4.2. Non-Overcast Cloudy Scenes

[23] To investigate the effect of scattered clouds on the AMSR-E LWP products, the analysis was limited to warm clouds. This was done to more directly relate cloud amount within the FOV to mean cloud LWP since the presence of ice or mixed-phase clouds will bias the cloud amount.

[24] Results in Figure 4 indicate a trend of decreasing cloud LWP with decreasing cloud amount (see also Table 1), similar to the findings of Greenwald et al. [1997]. This systematic reduction in cloud LWP may be due mainly to the beam-filling effect, though it is uncertain how other factors might influence this relationship, such as the possibility that the LWP of individual cloud elements may decrease as the cloud field becomes more broken.

Figure 4.

Distributions of nonprecipitating warm overcast cloud liquid water path from instantaneous AMSR-E data stratified into different cloud amount categories. Bin size is 0.005 kgm−2.

Table 1. Cloud Statistics for AMSR-E Liquid Water Path (LWP) Data Analysis in Non-Overcast Cloud Conditions
Cloud Amount RangeNumber of Data PointsMean Cloud LWP, kgm−2Mean Cloud Amount
0–25%8804910.012511.4%
25–50%6985140.016637.5%
50–75%7207350.021262.7%
75–100%9457510.027688.5%

[25] Not only does a strong correlation exist between cloud LWP and cloud amount, the results also suggest a difference between the LWP of scattered clouds with those of locally (∼10 km scale) overcast clouds. Even assuming that LWP differences for nonovercast clouds are due entirely to beam-filling errors and then scaling the LWP by cloud amount but only for values above 25% [see Greenwald et al., 1997], indicates the adjusted cloud LWP data are still significantly smaller (14–39%) than the overcast cloud LWP.

5. Conclusions

[26] Methods for estimating minimum errors in microwave-based cloud LWP products have been presented. Applying these techniques to 3 weeks of global AMSR-E pixel-level LWP data has shown that 70% of their systematic errors occurred between −0.011 and +0.025 kgm−2 (−8.2% and +54%) with an average random error of 0.013 kgm−2. Investigation of LWP data in inhomogeneous cloud conditions also showed a dependence of the data on cloud fraction, suggesting the influence of beam filling errors. Most troubling, however, was a strong dependence of the products on surface wind speed, which contributed significantly in reducing their sensitivity for small LWP. This deficiency, along with an implicit dependence of LWP on cloud amount, presents challenges in interpreting these datasets for climate studies.

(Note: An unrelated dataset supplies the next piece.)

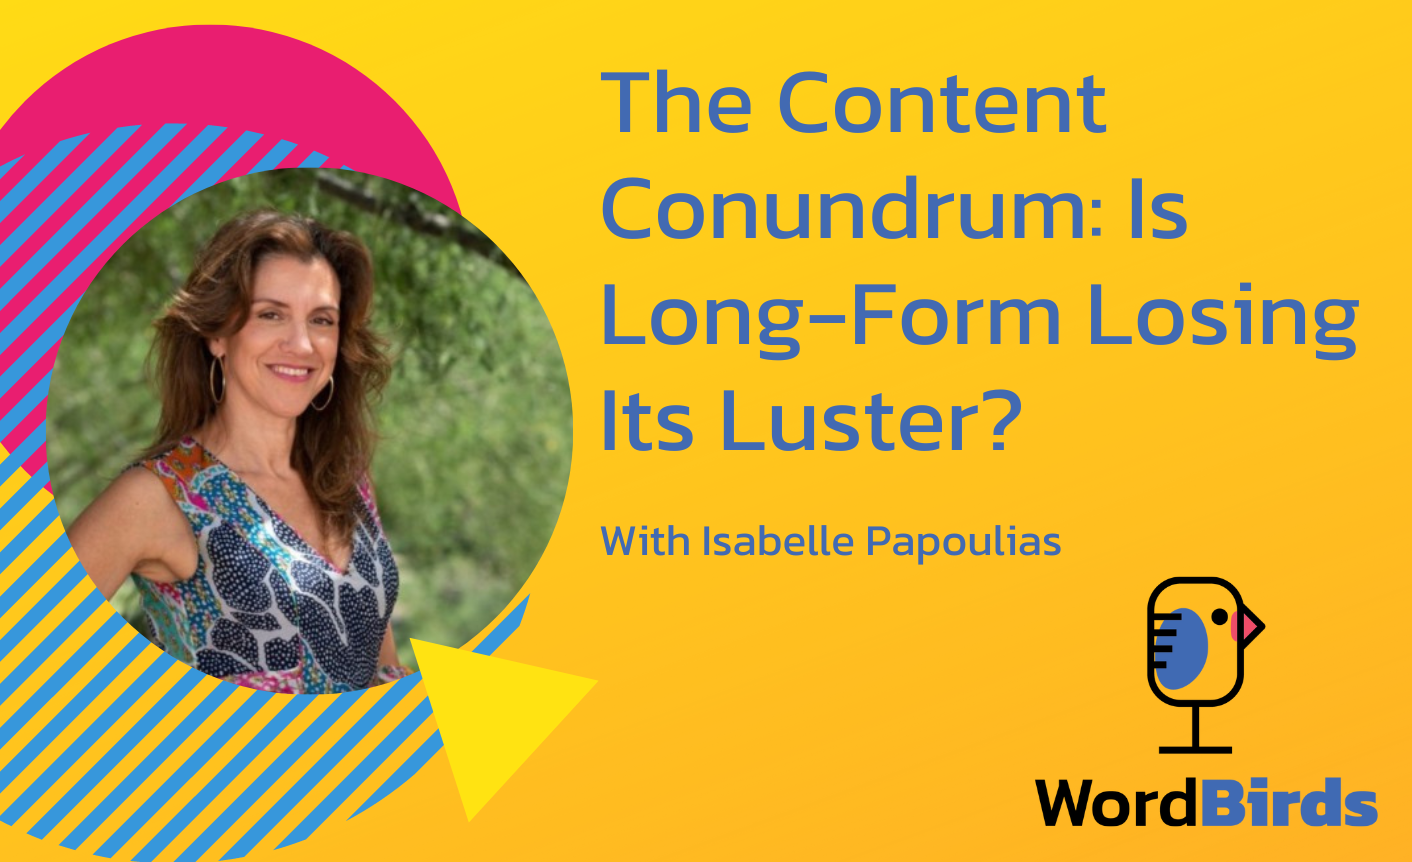 On a yellow background with a headshot of Isabelle Papoulias on the left, the title reads "The Content Conundrum: Is Long-Form Losing Its Luster?"

[27] The errors reported in this study, while seemingly small, will have an important impact on radiation budget calculations. Assuming a mean cloud LWP of 0.05 kgm−2 (based on Figure 3), a +0.025 kgm−2 perturbation in LWP yields a +75 Wm−2 change in TOA shortwave (SW) flux and a −87 Wm−2 change in surface SW flux [Turner et al., 2007]. In terms of cloud radiative forcing (CRF), a +0.025 kgm−2 perturbation translates roughly to a −13 Wm−2 change in the net CRF [Greenwald et al., 1995].

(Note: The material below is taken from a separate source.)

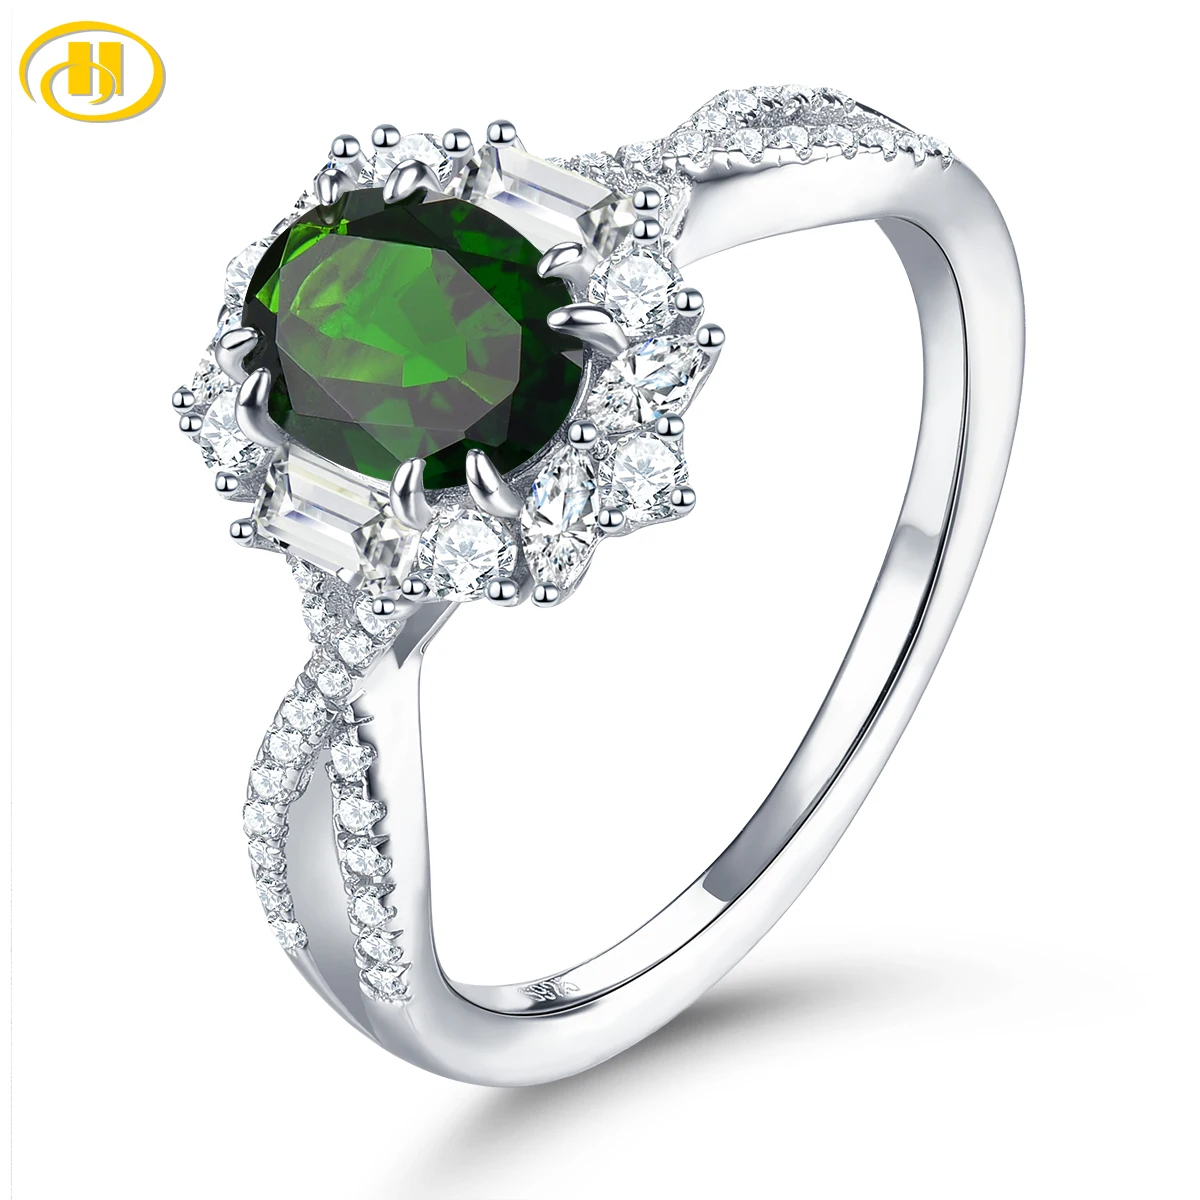 

Natural Chrome Diopside 925 Sterling Silver Pendant 1 Carat Genuine Gemstone Romantic Style Fine Jewelry for Valentine Day Gift

[28] Even if uncertainties due to the surface wind speed dependence could be significantly reduced, there is a far greater potential in producing higher quality LWP products by exploiting measurements near 85 GHz. Because these measurements are more sensitive to smaller liquid water amounts, it has been shown that including these data can greatly reduce both systematic and random errors in LWP retrievals [Jung et al., 1998].

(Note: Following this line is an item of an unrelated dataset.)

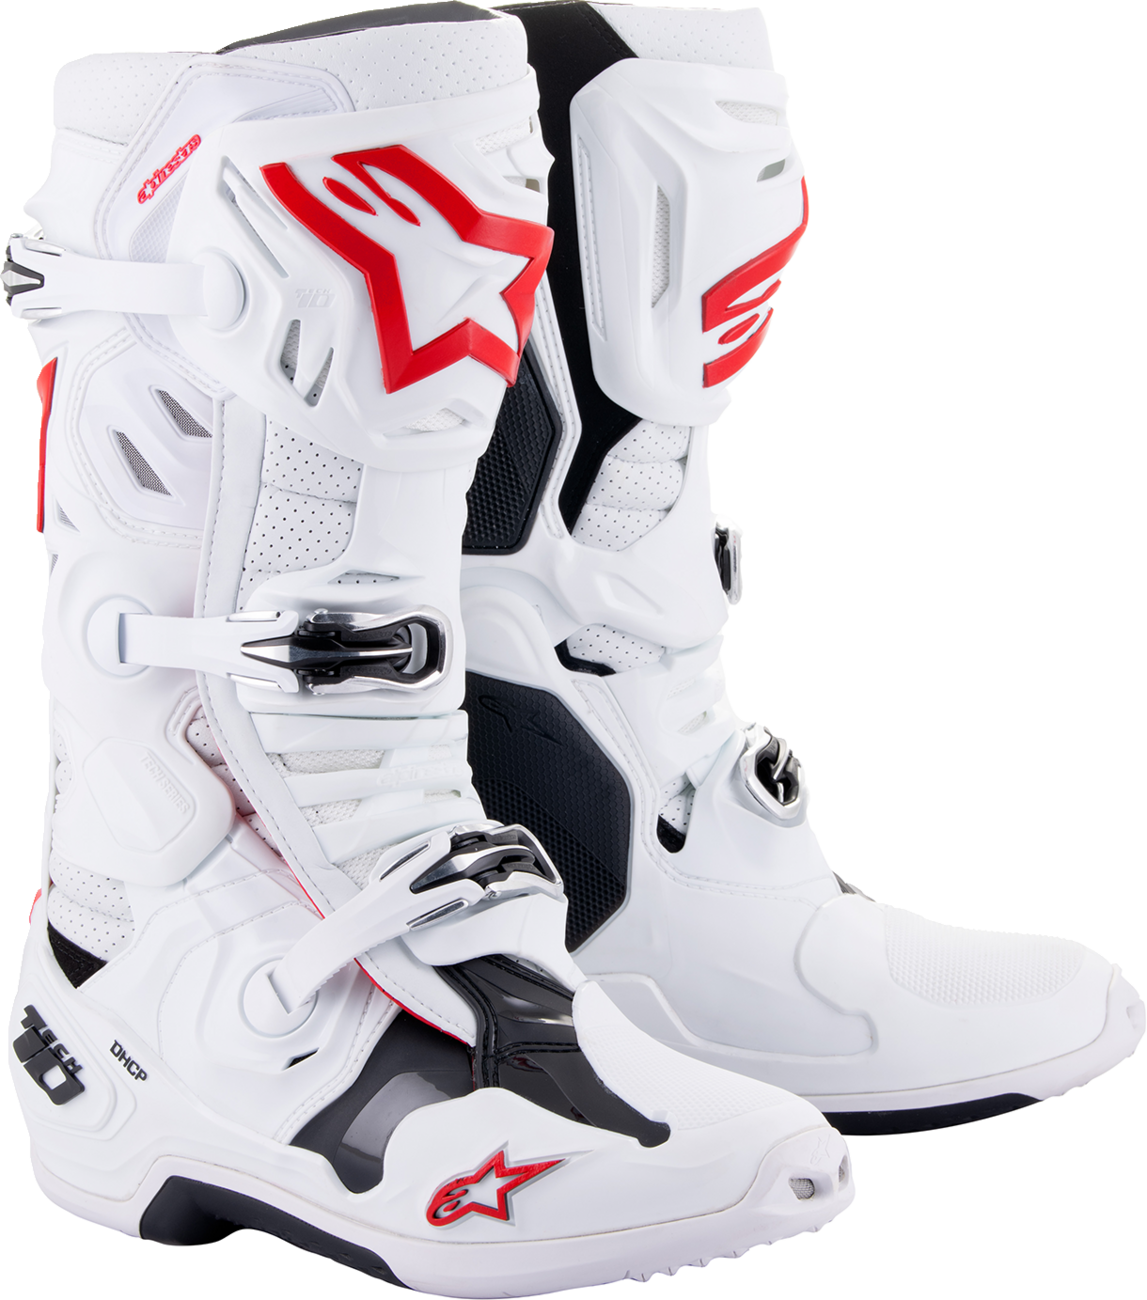 ALPINESTARS Tech 10 Supervented Boots - White/Red - US 13 2010520-2230-13

[29] Finally, the drawback of using multi-sensor satellite data is the time consuming analysis due to the massive datasets involved. However, new processing systems composed of computer clusters and dedicated software will enable the processing of one month of satellite data in just one day [Gumley et al., 2006]. These systems will make multi-sensor satellite collocation feasible and provide long-term global estimates of minimum errors in cloud LWP products not only for climate and remote sensing studies, but also for future assimilation of these observations into forecast models.

Acknowledgments

[30] Special thanks go to Graeme Stephens at Colorado State University for planting the seed for this study. MODIS cloud products were obtained from the Goddard Space Flight Center DAAC. Remote Sensing Systems provided the AMSR-E Ocean Products. Comments from two anonymous reviewers are also appreciated.